→ **ENTRIES SHOWN**

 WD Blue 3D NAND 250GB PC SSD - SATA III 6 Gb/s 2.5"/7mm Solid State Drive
---
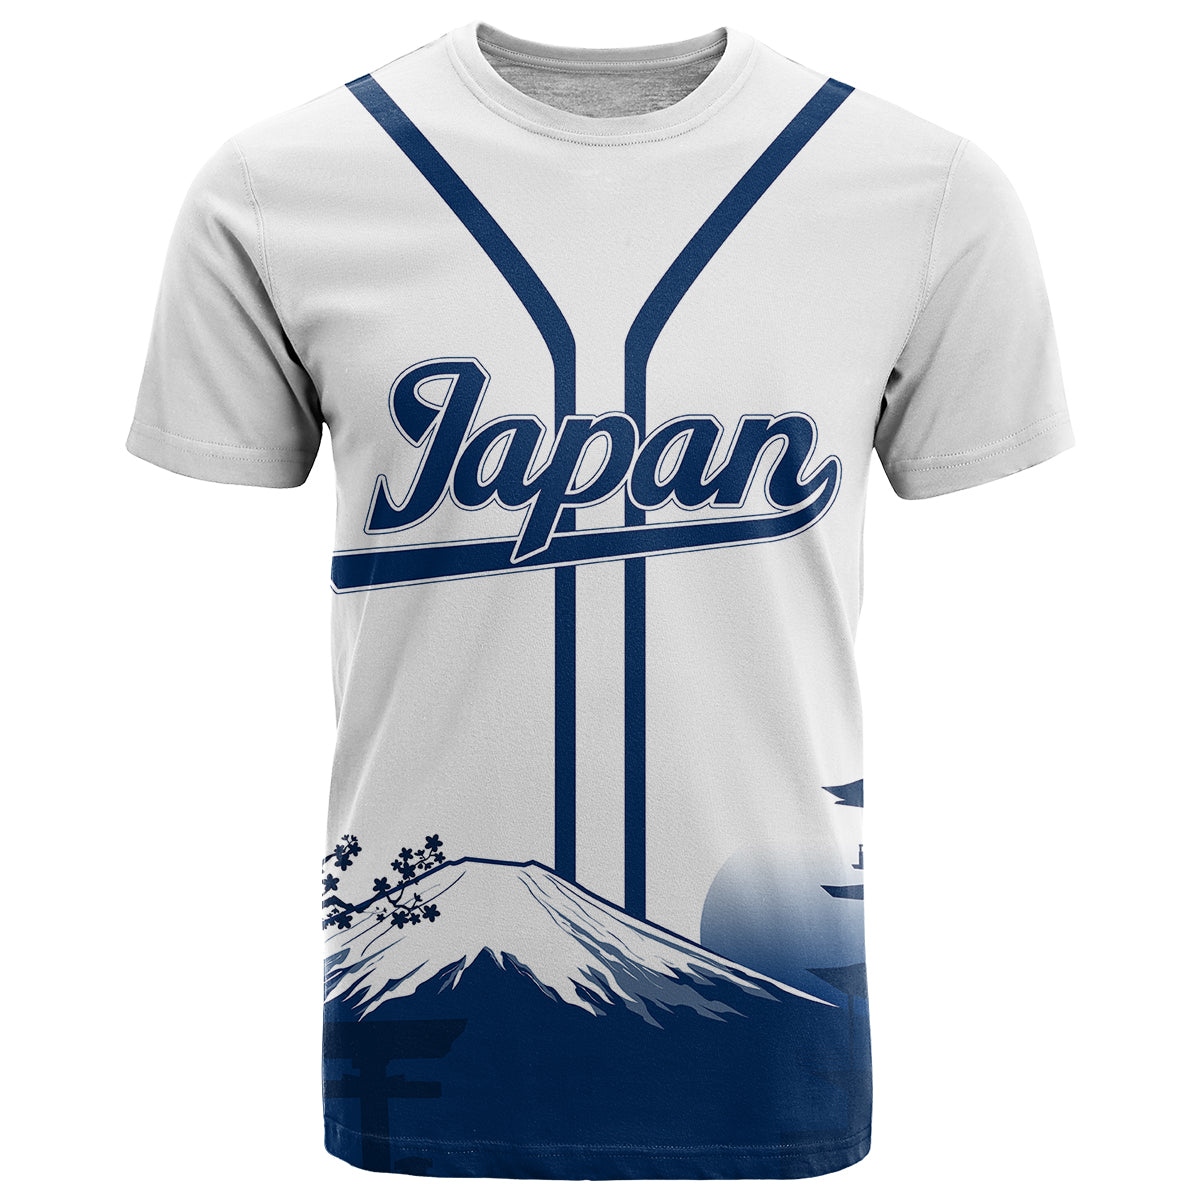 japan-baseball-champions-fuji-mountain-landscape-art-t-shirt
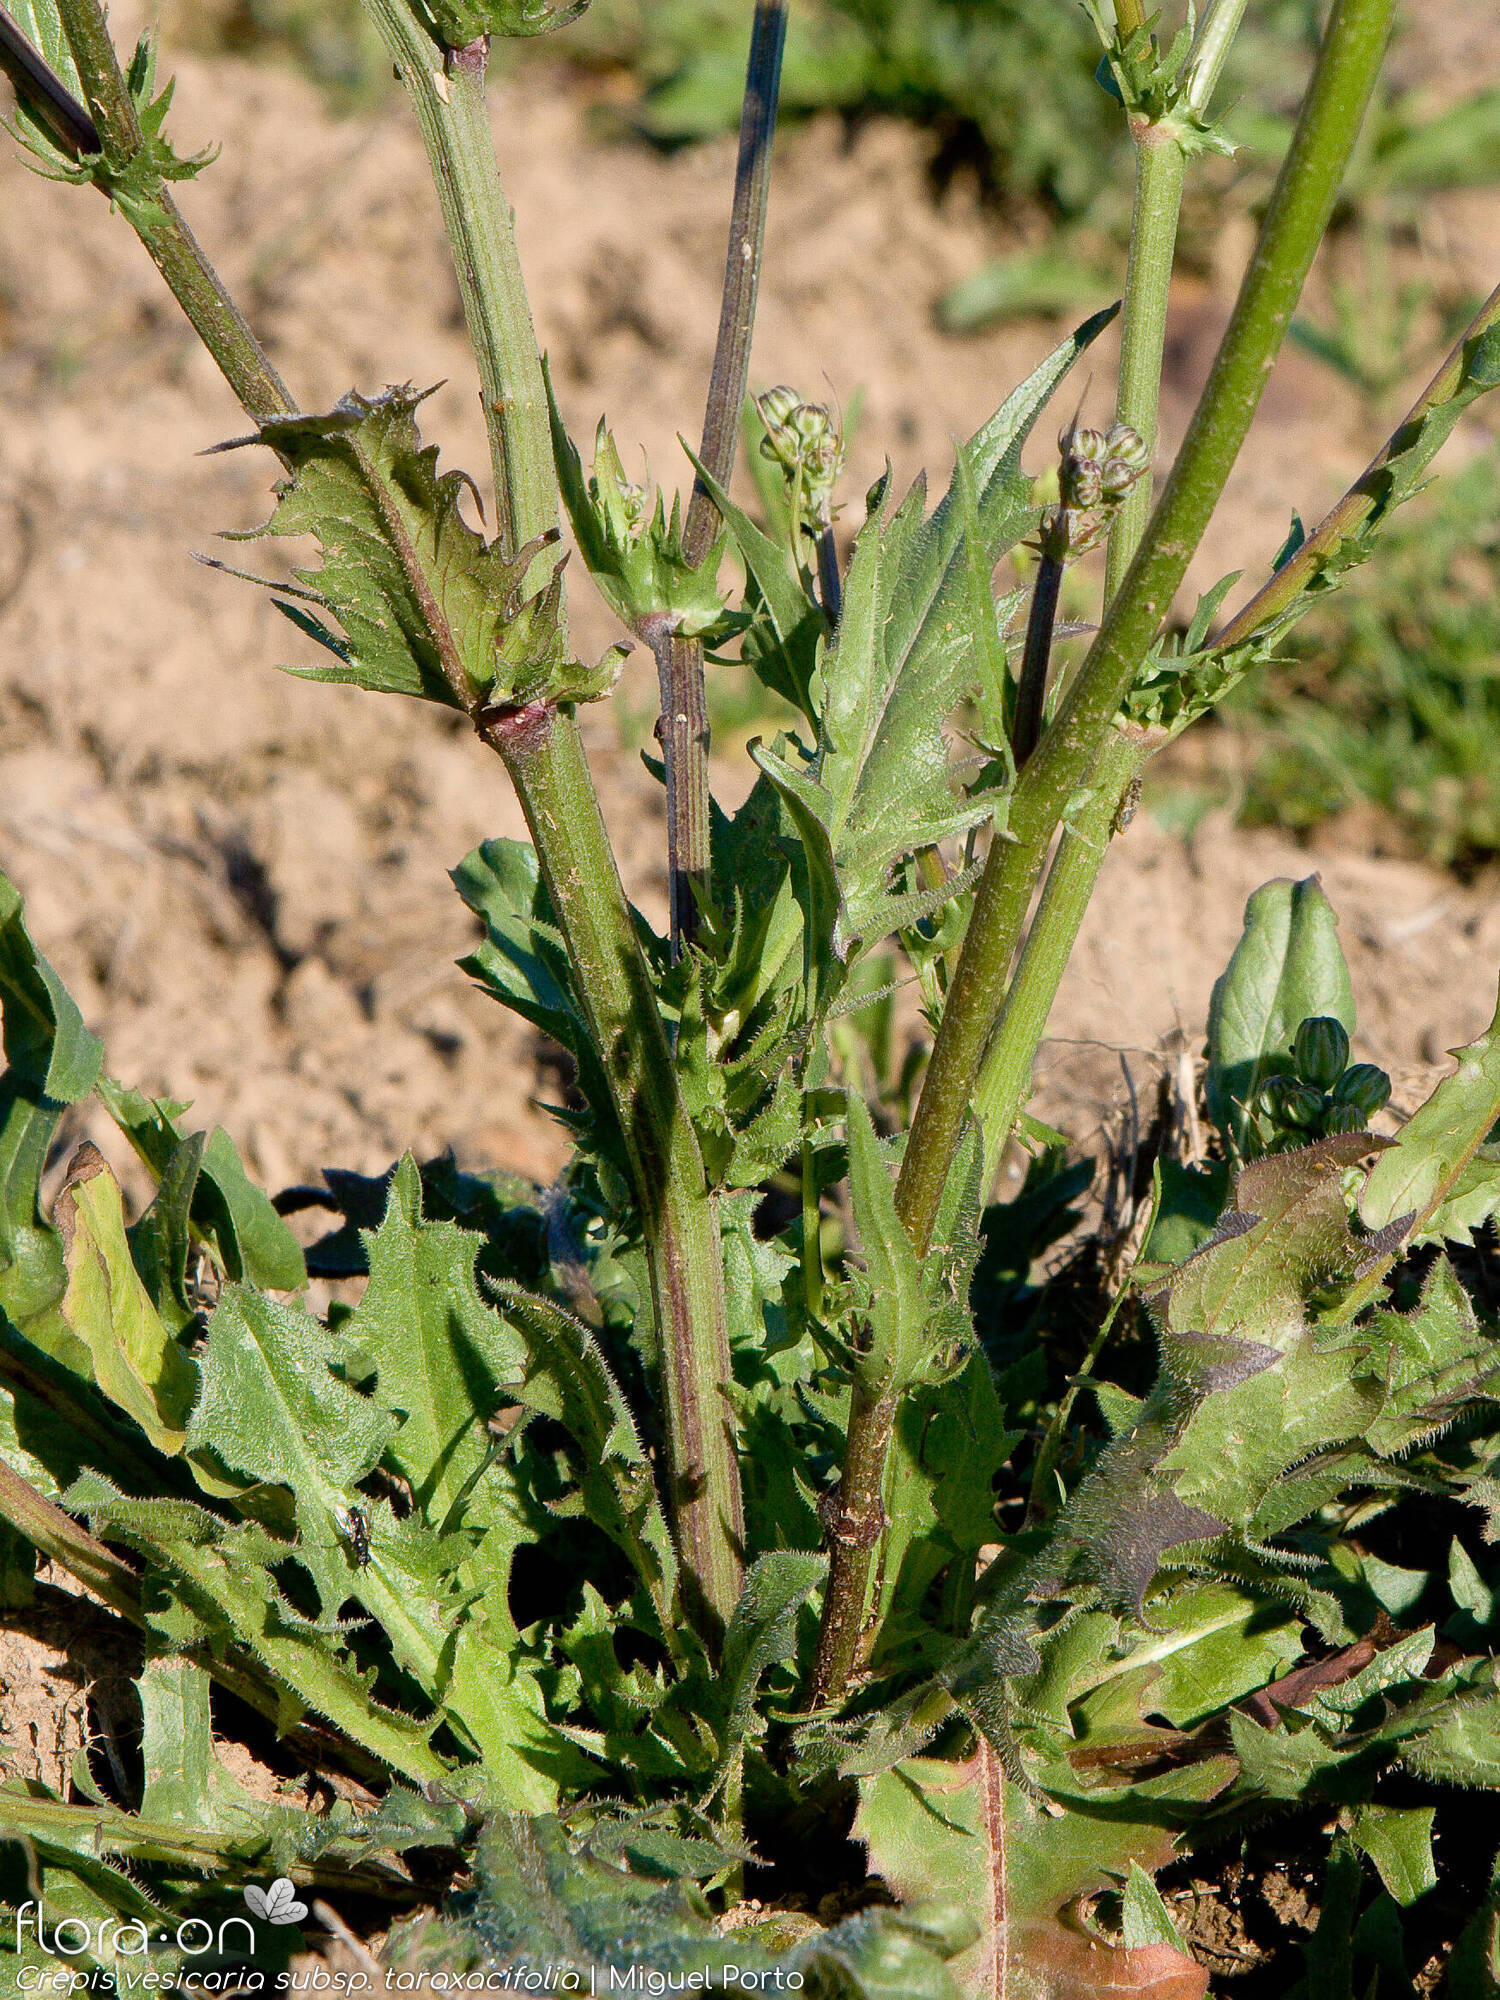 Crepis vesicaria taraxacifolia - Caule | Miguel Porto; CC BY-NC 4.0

→ **TASK DETAILS**
Please repeat the lines of the material above exactly, starting with the line that contains "japan-baseball-champions-fuji-mountain-landscape-art-t-shirt" and ending with the line that contains "Crepis vesicaria taraxacifolia". Leave the pictures out.

→ **ANSWER**
 japan-baseball-champions-fuji-mountain-landscape-art-t-shirt
 Crepis vesicaria taraxacifolia - Caule | Miguel Porto; CC BY-NC 4.0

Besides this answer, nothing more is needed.